Dem Wunsch nach einer neuen Brücke schloss sich auch der junge Adolf Hitler an, der in Leonding aufwuchs und zeitweise in Linz die Schule besuchte. Erhaltene Skizzen zeigen, dass Hitler bereits 1925 konkrete Vorstellungen von einer neuen Brücke hatte. Nach dem sogenannten Anschluss im März 1938 übernahm Hitler die „Patenschaft“ über die Stadt und ernannte Linz zu einer der Führerstädte mit dem Ziel, die Stadt zu einem wirtschaftlichen und kulturellen Zentrum auszubauen.[3] Diese Pläne sahen tiefgreifende Umbaumaßnahmen vor, die neben einer Neugestaltung der Donauufer die Errichtung einer sogenannten „Kulturachse“ einschlossen. Von diesen Planungen wurden ab 1938 nur geringe Teile – etwa nur die zwei südlichen und nicht die nördlichen Brückenkopfgebäude – umgesetzt; die umfangreichen Eingemeindungen im Norden und Süden sowie die damit einhergehenden Wohnbaumaßnahmen wurden durchgeführt.

Bau der Nibelungenbrücke

Im Zuge der nationalsozialistischen Ausbaupläne für die „Führerstadt Linz“ wurden der Ingenieur Karl Schaechterle und der Architekten Friedrich Tamms mit den Planungen einer neuen Linzer Donaubrücke anstelle der alten beauftragt, die Bauleitung ging an den Linzer Werner Sarlay.

Der Brückenentwurf, eine Vollwandträgerbrücke mit drei Öffnungen und Stützweiten von 75 Metern bei den Randfeldern sowie von 100 Metern bei der Mittelöffnung, wurde im Sommer 1938 genehmigt.

Im September desselben Jahres begann man mit den Bauarbeiten; 1940 war die Brücke fertig.[4]

Die genaue Herkunft des Namens

„Nibelungenbrücke“

lässt sich nicht mehr eindeutig klären; nach zeitgenössischen Quellen findet sich nur die Angabe, dass die Namensgebung auf die nicht näher ausgeführten „Väter der Brücke“ zurückgeht.[5] Er verweist auf den Mythos des „Nibelungenwegs“, auf dem die germanischen Sagenfiguren Kriemhild und ihre Brüder auf dem Weg zum Hunnenkönig Etzel die Gegend des heutigen Linz’ gestreift haben sollen.

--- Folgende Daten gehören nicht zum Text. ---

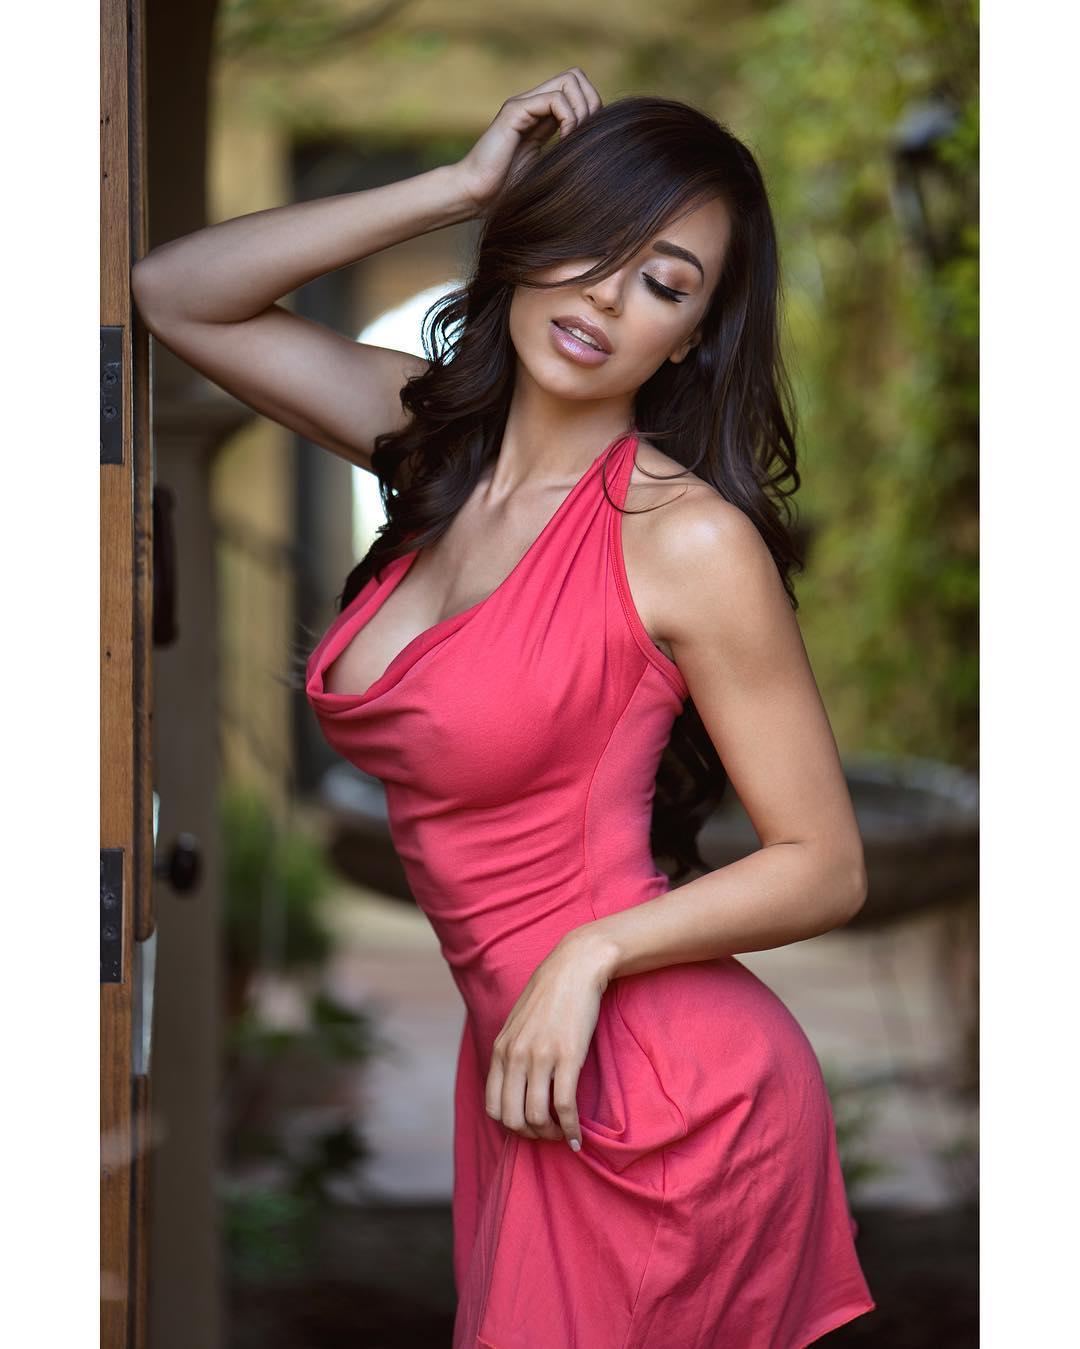 【ノーブラエロ画像】捲ればお目見え状態!乳首を阻む壁が分厚く感じるノーブラファッション(;´Д`)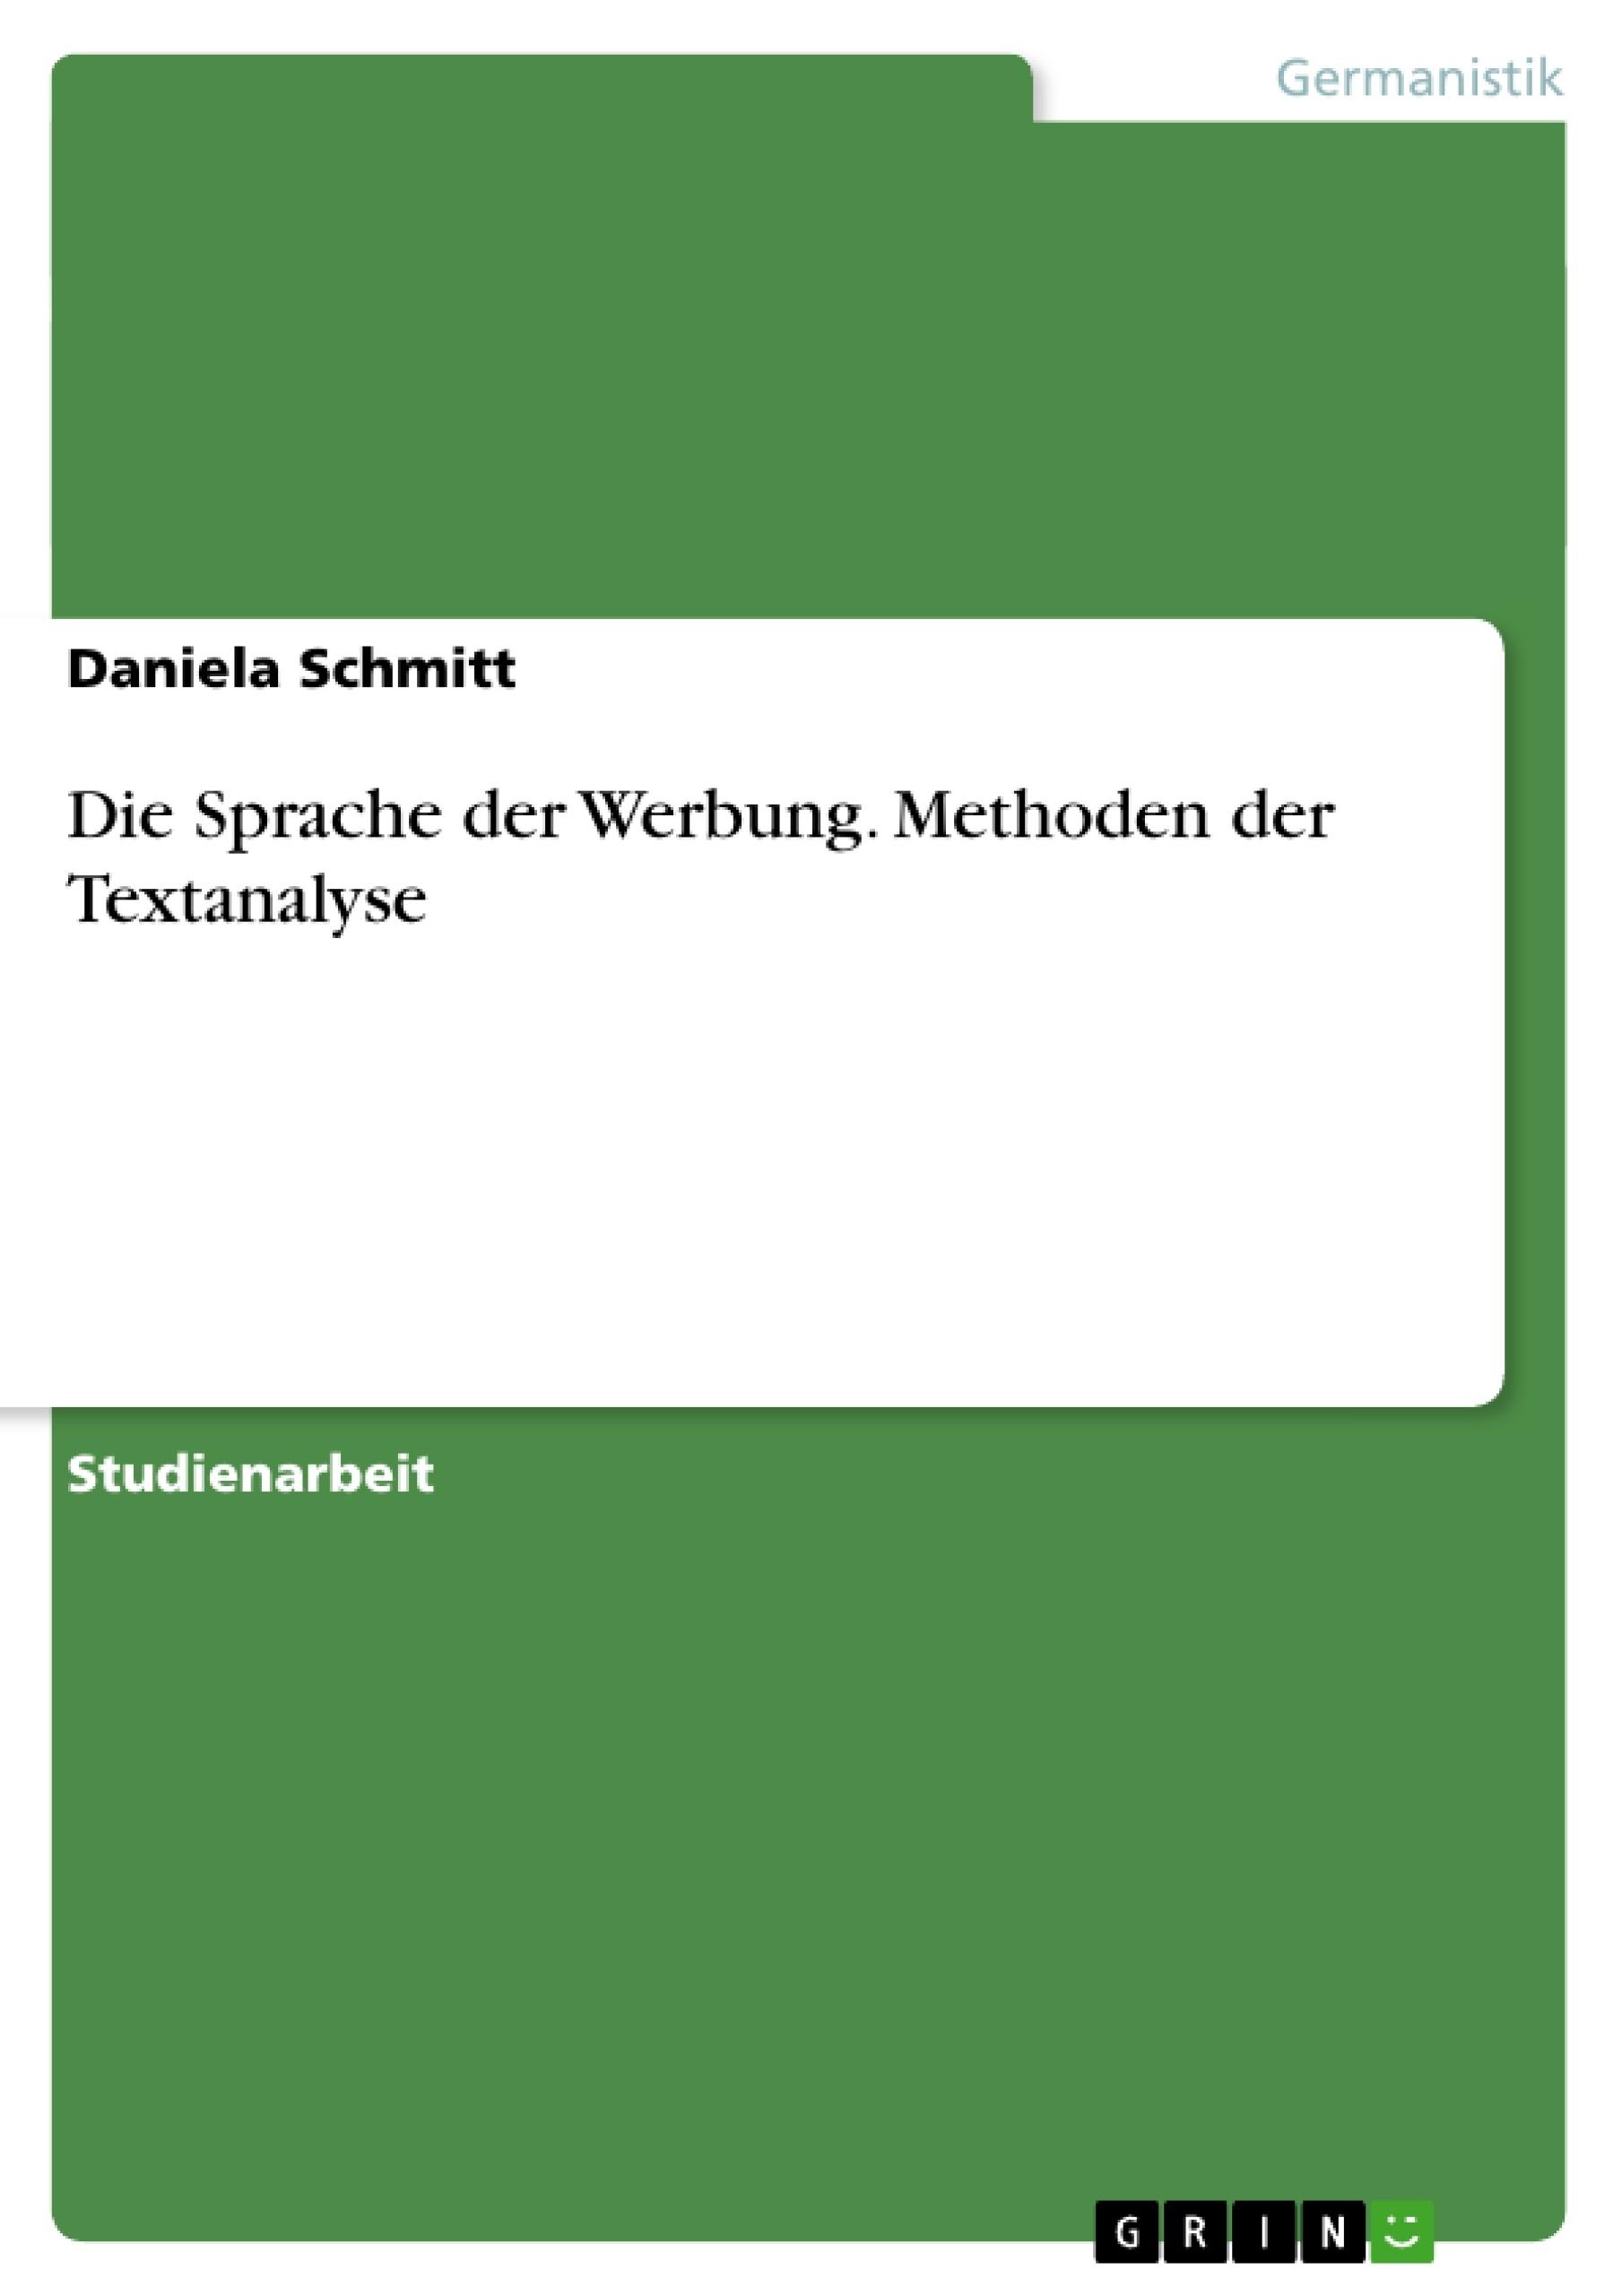 Titel: Die Sprache der Werbung. Methoden der Textanalyse

Weitere Bezugnahme auf die Nibelungensage sollten vier sechseinhalb Meter hohe Reiterstandbilder der bedeutendsten Nibelungenfiguren („Siegfried“, „Kriemhild“, „Gunter“ und „Brunhild“) schaffen. Zwei weitere Statuen, „Hagen“ und „Volker“, sollten die Brückenaufgangsstiege in Urfahr zieren. Aufgrund des Krieges kamen die von Hitler beim Bildhauer Bernhard Graf Plettenberg in Auftrag gegebenen Standbilder nicht zur Ausführung.[6] Anlässlich eines Führerbesuches wurden zwei der Standbilder („Kriemhild“ und „Siegfried“) im Maßstab 1:1 von Plettenberg in Gips modelliert und für einige Monate auf der Brücke aufgestellt.[7]

Gleichzeitig mit dem Bau der Nibelungenbrücke wurden einige Gebäude an beiden Donauufern abgerissen, um der breiteren sowie höheren Brücke Platz zu schaffen. Am direkt an die Nibelungenbrücke angrenzenden Linzer Hauptplatz wurden mehrere historistische Gebäude abgerissen, um durch die noch heute bestehenden „Brückenkopfgebäude“ ersetzt zu werden. Die beiden baugleichen Gebäude beherbergen zum einen Teile der Kunstuniversität Linz und zum anderen bis Mai 2008 das Finanzamt Linz.

Auf der Urfahraner Seite konnten die Brückenkopfgebäude nicht mehr verwirklicht werden. Dies ermöglichte später den Bau des Neuen Rathauses und des Ars Electronica Centers.

Nachkriegszeit

Im Zuge der Übergabe des Mühlviertels an die Sowjets verließen amerikanische Truppen am 31. Juli 1945 Urfahr.

Bis zum 8. Juni 1953 gab es deshalb an der neuen sowjetischen Zonengrenze am Urfahraner Brückenkopf ständige Kontrollen des Personen- und Lastenverkehrs. Danach nur noch periodische.[8] Die Linzer Bevölkerung feierte die Aufhebung der ständigen Kontrollen spontan. Landeshauptmann Heinrich Gleißner tanzte dabei mit Elmira Koref, Gattin des Linzer Bürgermeisters Ernst Koref einen Walzer.[9]

Am 11. August 1955 kehrte das Mühlviertel wieder unter oberösterreichische Verwaltung zurück, damit war auch die Teilung der Stadt aufgehoben.[10]